As per the best practices document:
http://moz.com/learn/seo/robotstxt
Using meta robots no index no follow is the recommended option:
Block with Meta NoIndex
This tells engines they can visit, but are not allowed to display the URL in results. This is the recommended method
But it apparently isn't working, as evidenced by the new surge of duplicate errors. Is there anything else I can do? I don't want to explicitly block Roger in robots.txt as that seems rather backward. Should Roger be included the Bad Robots List?
-
Peter -
Thanks for the clarification. I understand the philosophy at hand, and I kind of even understood it before I had asked the question. I'm handling these with a mix of canonical and no-index/no-robot.
Related to that, update:
By marking the superfluous pages no-index/no-follow the error count for the site has diminished by about 10,000 and the warning count by about 28,000 so that seems to be the way to go. The pages that had content are 'low value' in this context, since that content was readily available elsewhere.
-
Hi there!
Thanks for writing in with a great question.
We definitely count those dynamic URLs as duplicate content. While we are pretty sure that search engines can figure this stuff out and know which URL to index, it's still considered best practices to canonicalize or otherwise direct crawlers to the original URL (as far as I know. I'm not a professional SEO so you might be better off asking the Pro Q&A community at www.moz.com/community/q - they are all SEOs like you).

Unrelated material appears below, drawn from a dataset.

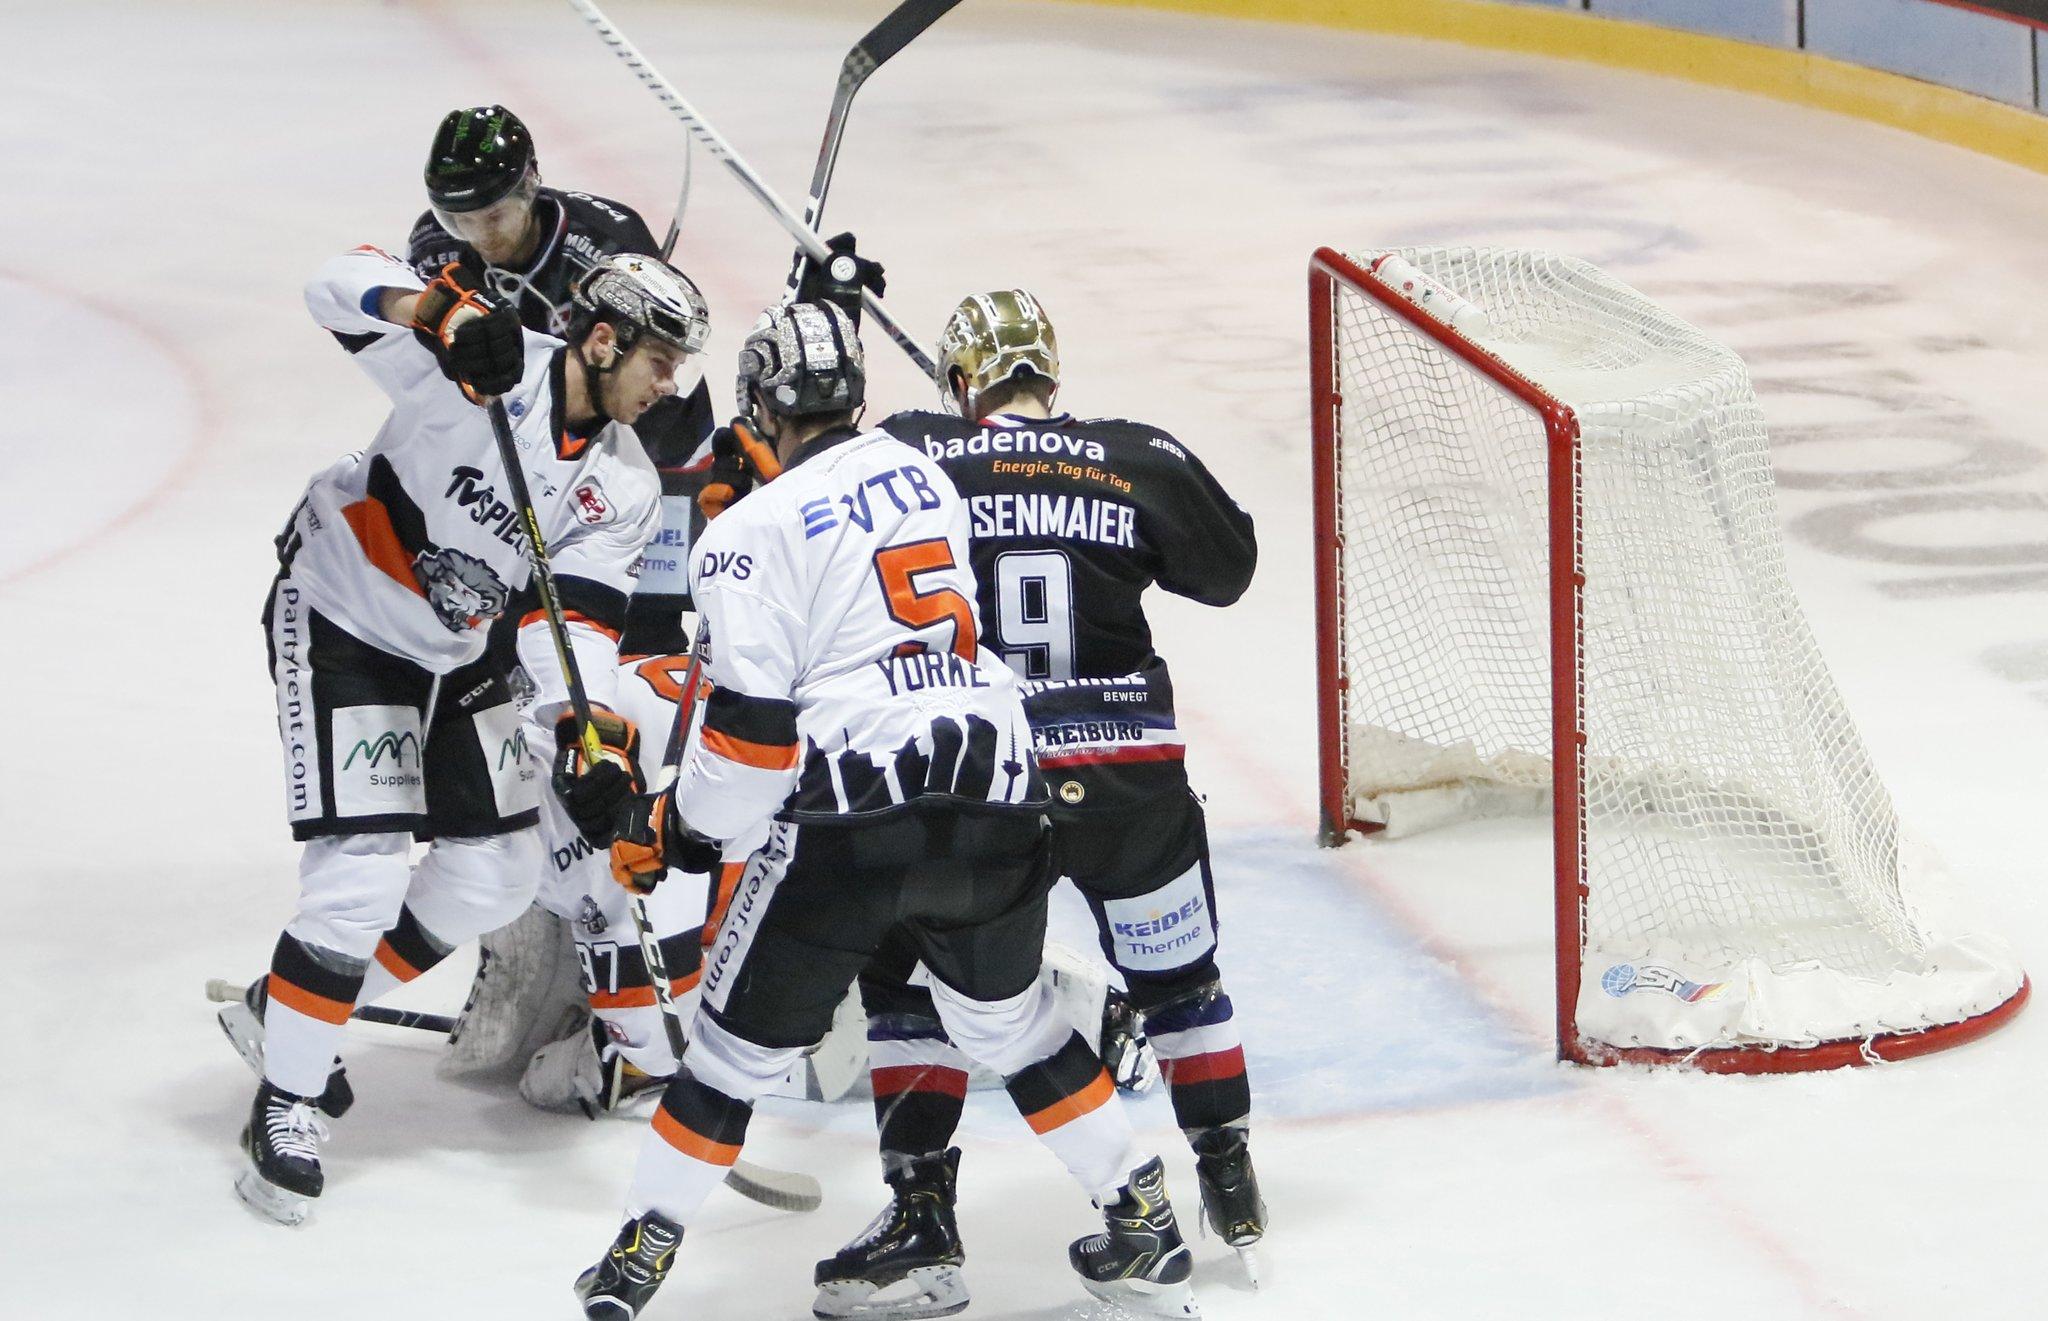 Eishockey Frankfurt Heute

Since some dynamic URL generators can cause problems for crawlers, we do try to be overly-inclusive of these issues rather than overly-exclusive. We want people to know about potential issues with sites, even if they're not really issues in the scheme of the site owner's specific SEO implementation plan.
In sum, we'd rather leave those judgments up to you and at the same time, provide you with the data you need to make these decisions. I hope this helps explain our thinking here! However, if you think that our crawler might be having issues, and you do not want to post your site urls here you could always send us a support ticket at help@moz.com. That way can can examine it a bit further and provide some insights into why our crawler thinks this way!
Hope this helps!
Peter
Moz Help Team.
Got a burning SEO question?
Subscribe to Moz Pro to gain full access to Q&A, answer questions, and ask your own.
Browse Questions
Explore more categories
-
Moz Tools
Chat with the community about the Moz tools.
-
SEO Tactics
Discuss the SEO process with fellow marketers
-
Community
Discuss industry events, jobs, and news!
-
Digital Marketing
Chat about tactics outside of SEO
-
Research & Trends
Dive into research and trends in the search industry.
-
Support
Connect on product support and feature requests.
Related Questions
-
Solved Is there a way to remove the Moz branding from automated PDF reports that are emailed to clients?
Is there a way to remove the Moz branding from automated PDF reports that are emailed to clients?
Reporting & Analytics | | ArttiaCreative0 -
Google Analytics Automated Reporting
HI all, I tend to do a big reporting powerpoint deck using screenshots from google analytics and tables I create year end and mid year. It's like an 80 page report for the 10 webisite swe have and then I go ahead and make annotations as I see from the data. That being said this can take a lot of time, up to a 40 hours of time to pull it all together or more which is challenging when you have daily meetings. Anyhow, I've looked into automating and tried a couple things: 1. Tableau- but it keeps crashing and seems tedious 2. Dashlane and supergrabber- seem a bit tedious to set up too. Anyone have ideas on how to better shar ereporting in the organization in this type of format for a website (websites)? Organic, paid, traffic, etc. Laura
Reporting & Analytics | | lauramrobinson322 -
How do I fix apparent duplicates
I'm auditing a site and would appreciate your help with possible explanations and solutions as to why Google Analytics in the Content Drilldown page is showing what appears to be duplicate pages. (Refer image) I'm wondering if I have got my head around the rel=canonical tag because the page I'd consider a duplicate "page/" has a Canonical tag pointing to "~/page.html" This is the tag from the page Locations/ rel="canonical" href="http://www.domain.com/Locations.html" /> so am unsure why both versions of the page are generating views. Shouldn't the Canonical tag work like a 301 redirect? I'm unsure how the pages using the path page/ are generating so many views because I have not been able to find them and they are not indexed by Google. Unfortunately the site is built using a Propriety CMS I'm not familiar with. exK4EqrU25
Reporting & Analytics | | NicDale0 -
SEO Moz Errors
We have SEO Moz Errors and warnings showing up, yet we have cleaned them
Reporting & Analytics | | RNK
up. The same errors were showing up in Google's Webmaster tools but after we corrected them they do not show up as crawl errors in Webmaster tools.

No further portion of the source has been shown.